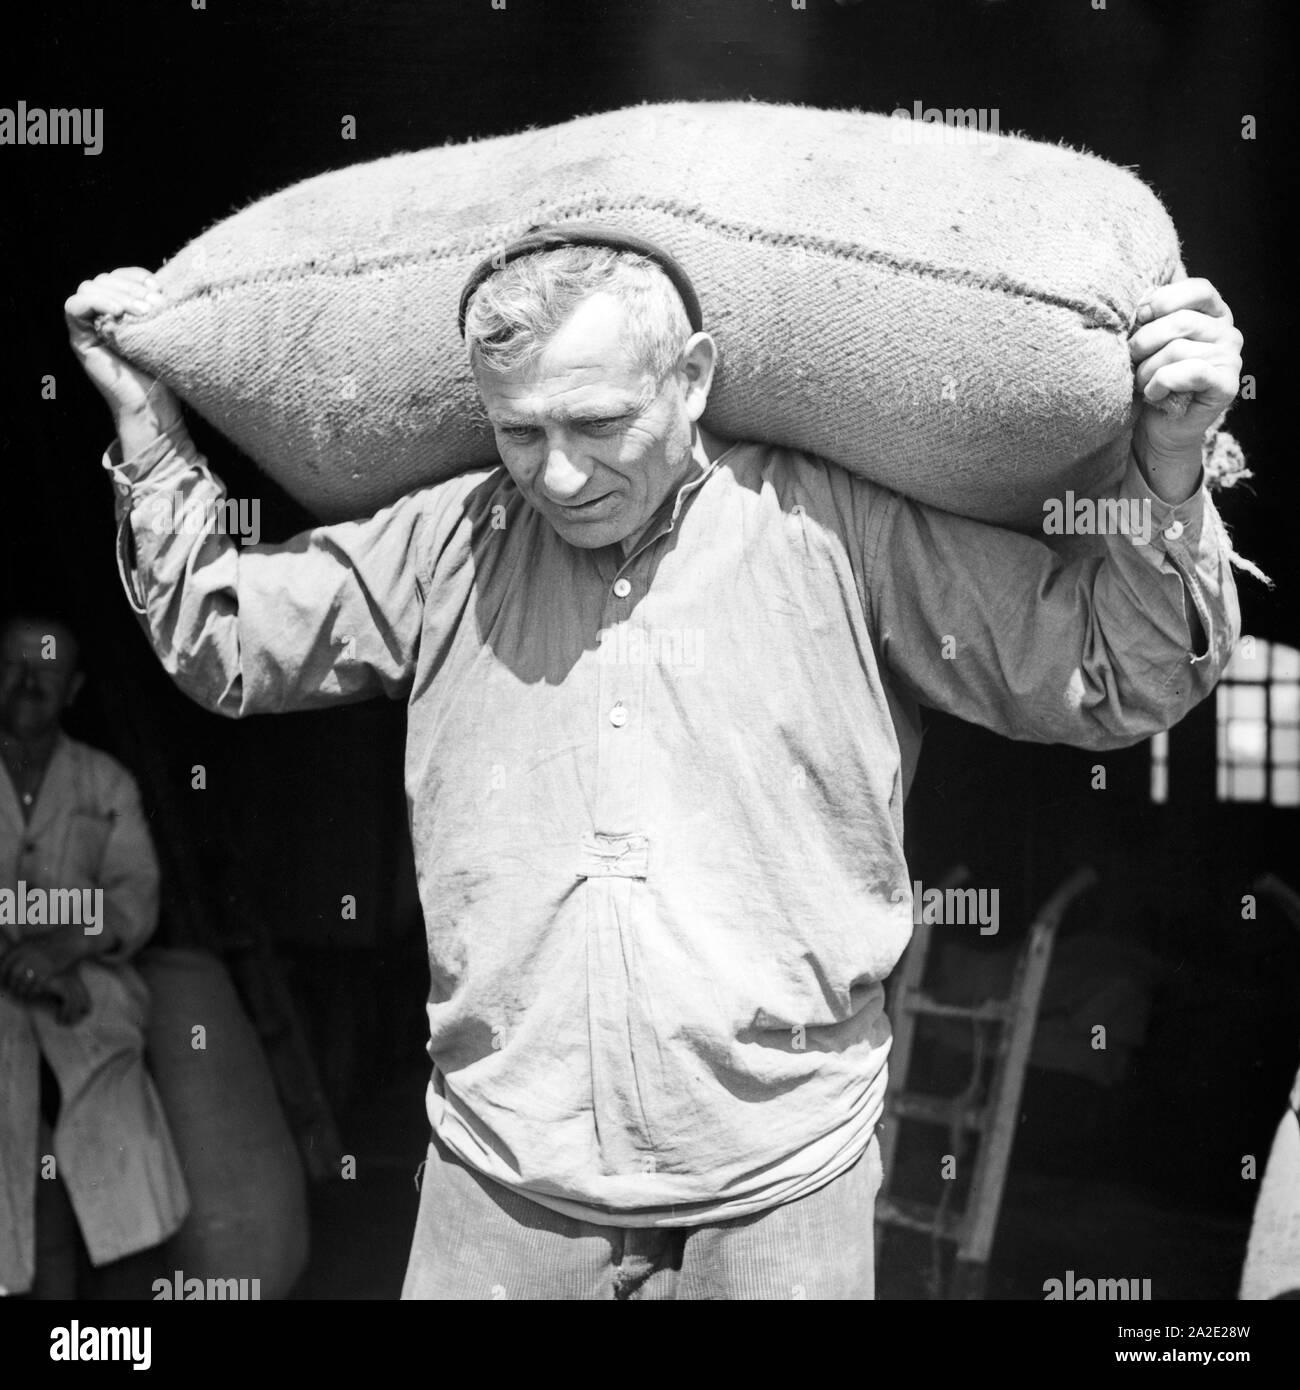 Ein Lagerarbeiter schleppt einen Sack aus dem Lagerhaus, Deutschland 1930er Jahre. A warehouseman carrying a sack out iof a warehouse, Germany 1930s. Stock Photo
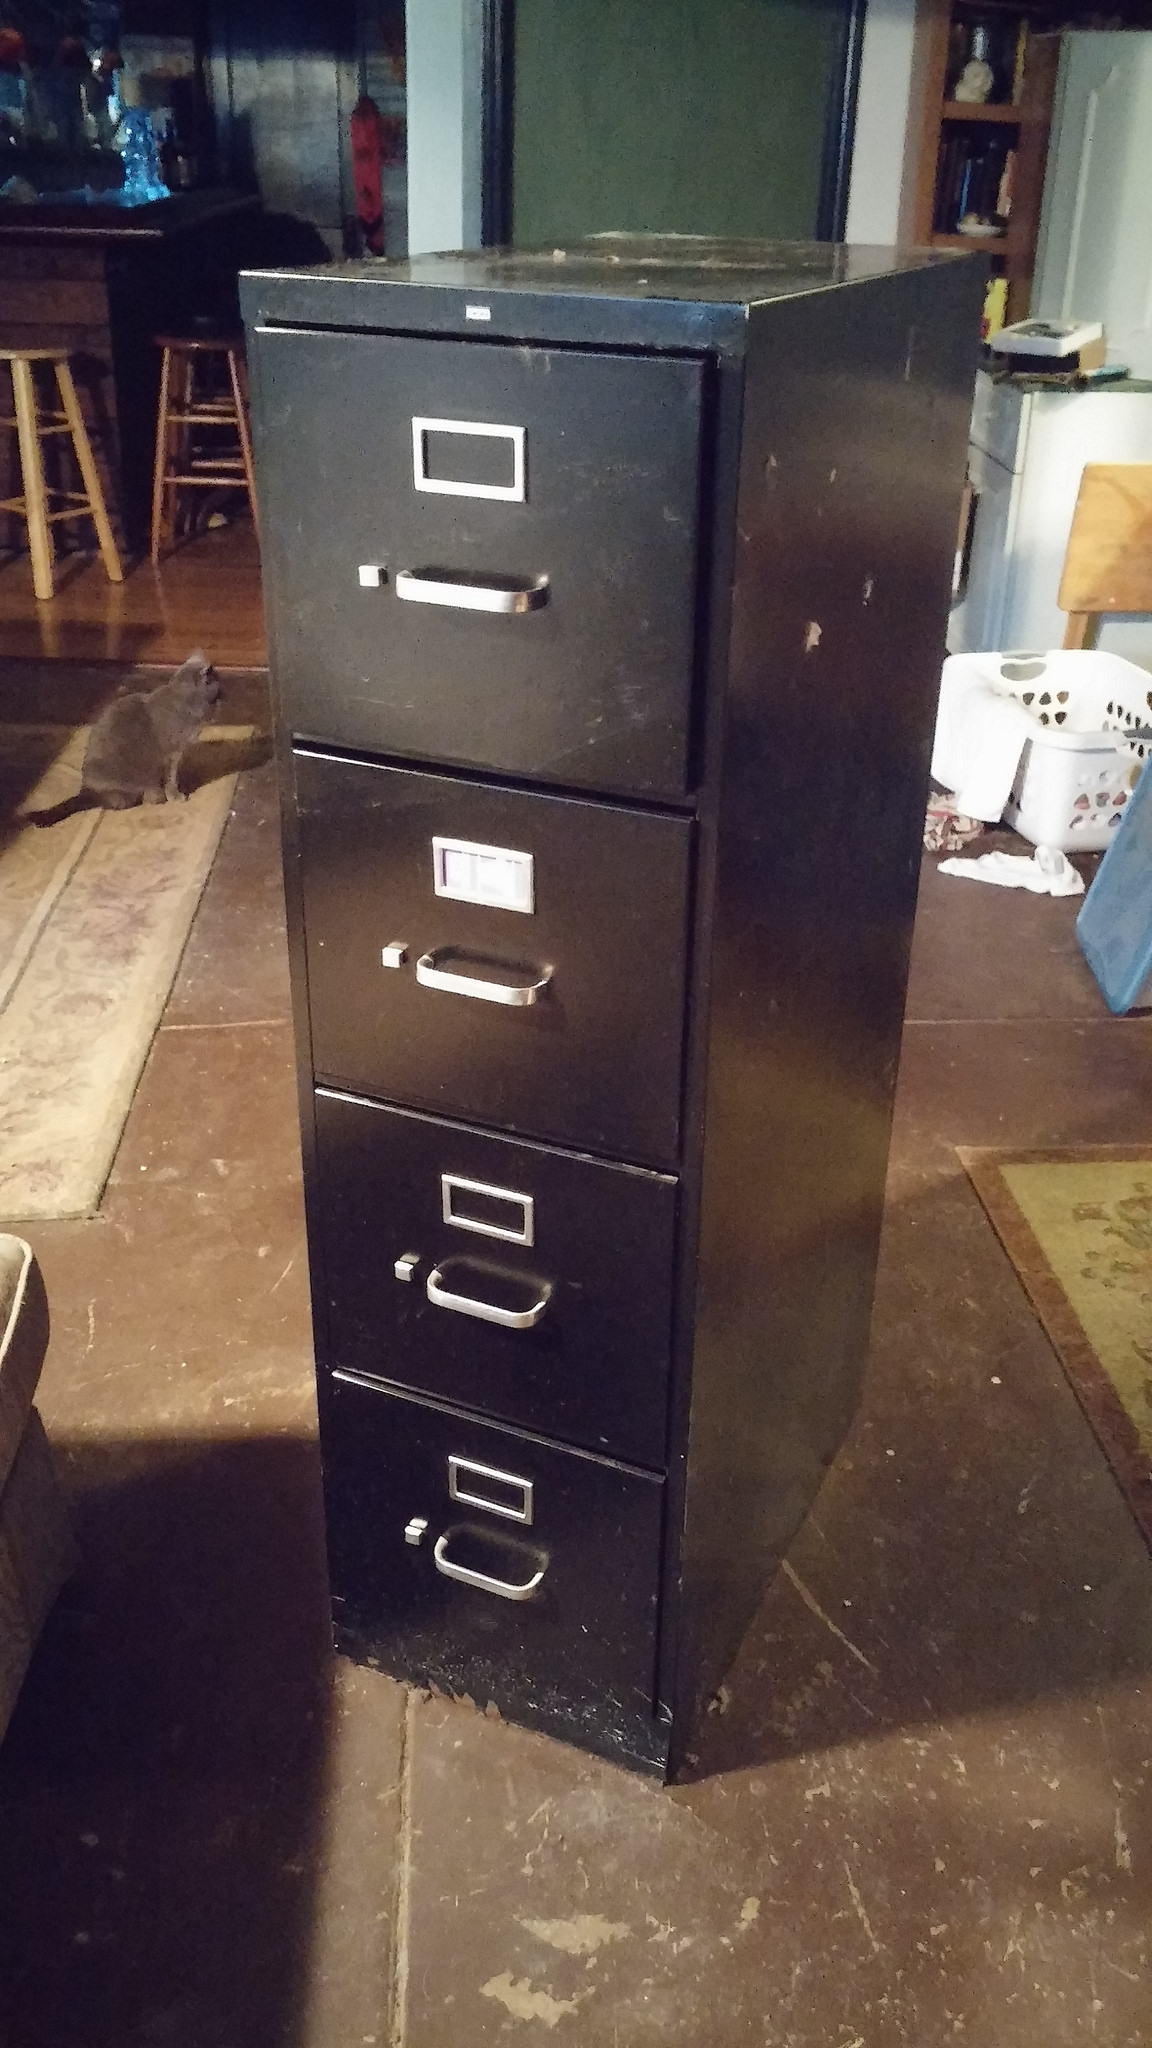 Buh-bye filing cabinet!
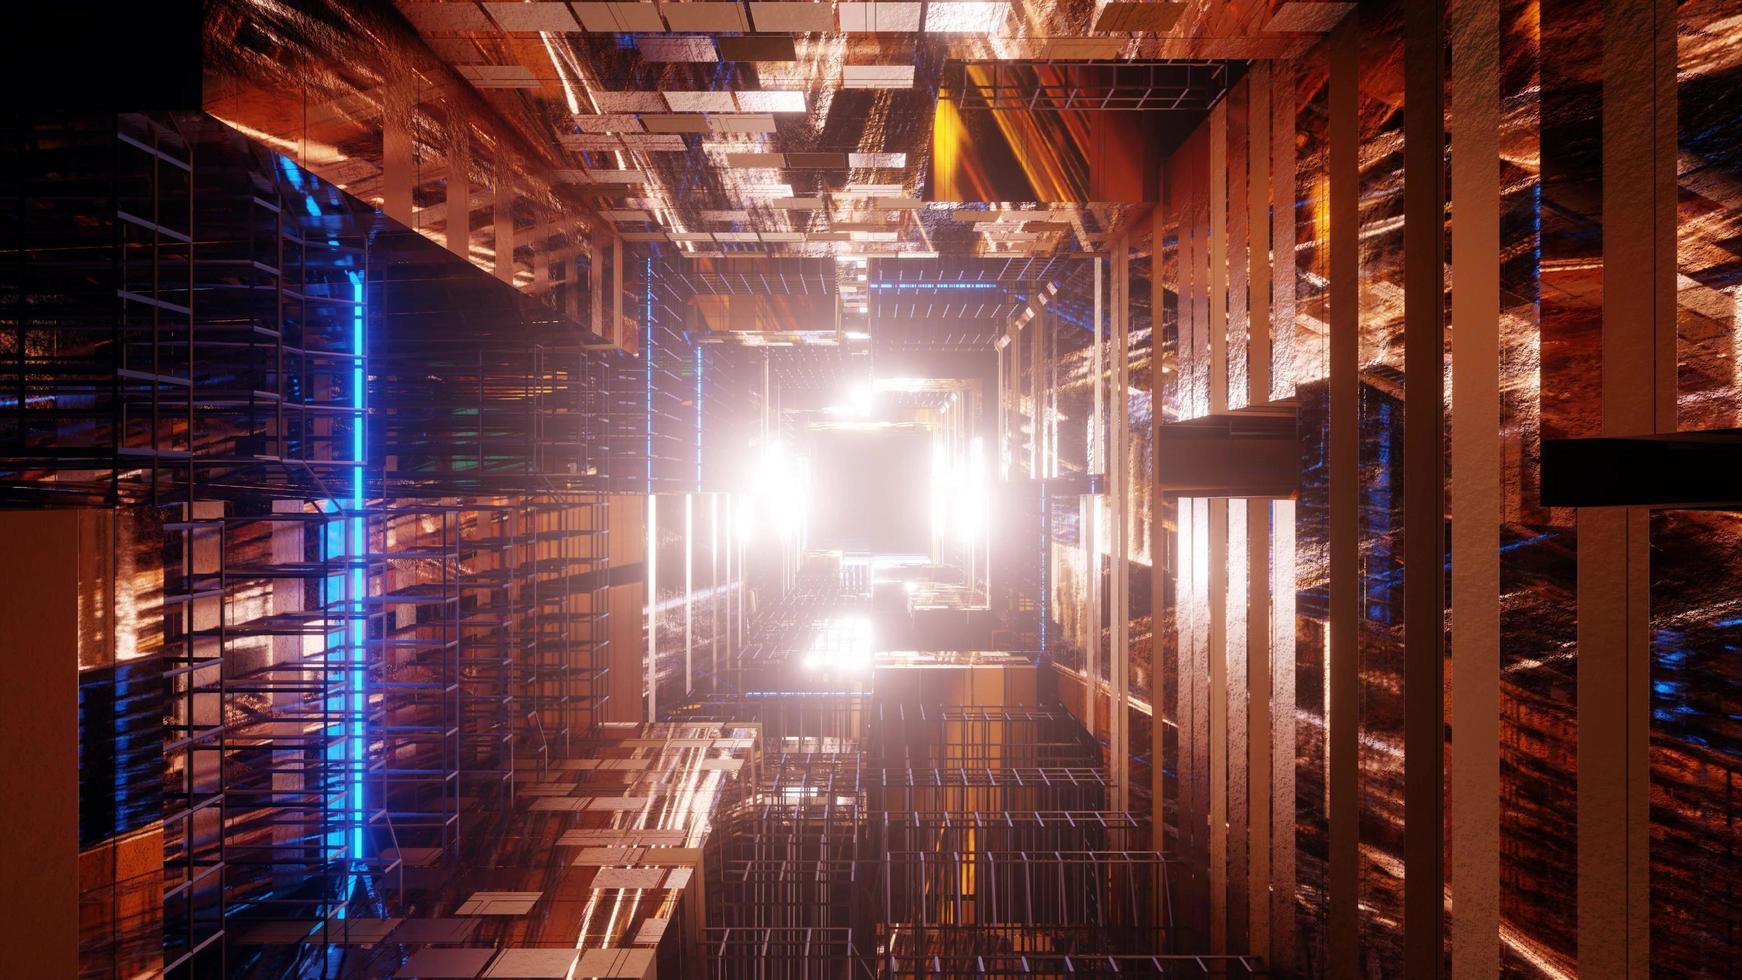 fond d'écran de science-fiction futuriste doré photo
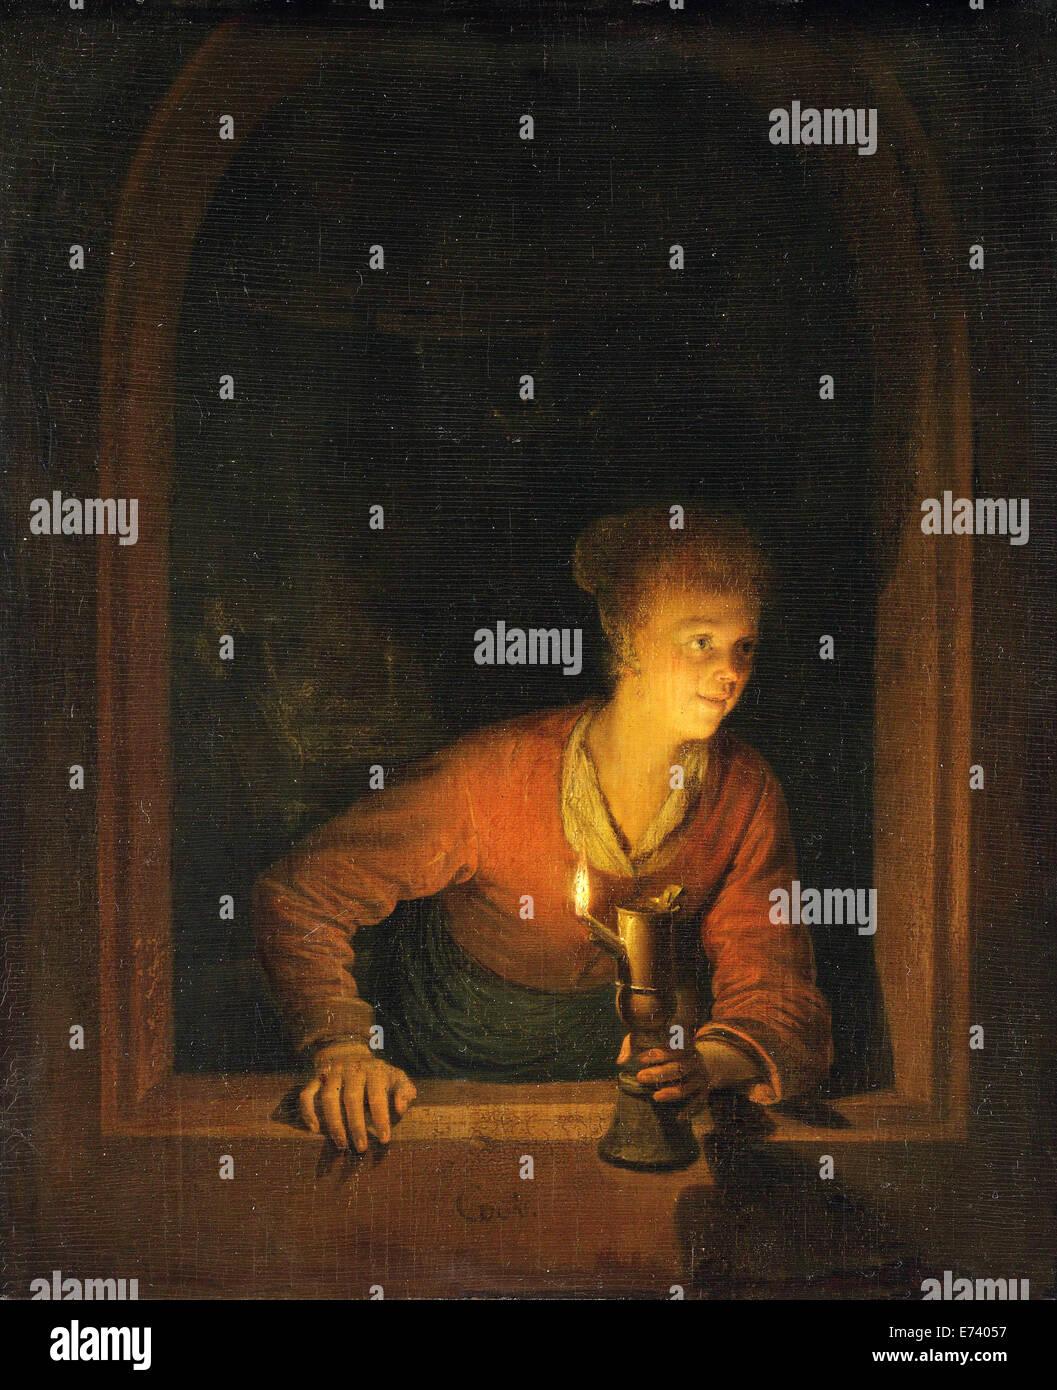 Ragazza con lampada a olio in corrispondenza di una finestra - da Gerard Dou, 1645 - 1675 Immagini Stock

_ _ _ _ _

| YOUR ASSIGNMENT |
Write the lines above out again exactly, excluding every picture.

| WORKED SOLUTION |
 Ein Lagerarbeiter schleppt einen Sack aus dem Lagerhaus, Deutschland 1930er Jahre. A warehouseman carrying a sack out iof a warehouse, Germany 1930s. Stock Photo
 Buh-bye filing cabinet!
 fond d'écran de science-fiction futuriste doré photo
 Ragazza con lampada a olio in corrispondenza di una finestra - da Gerard Dou, 1645 - 1675 Immagini Stock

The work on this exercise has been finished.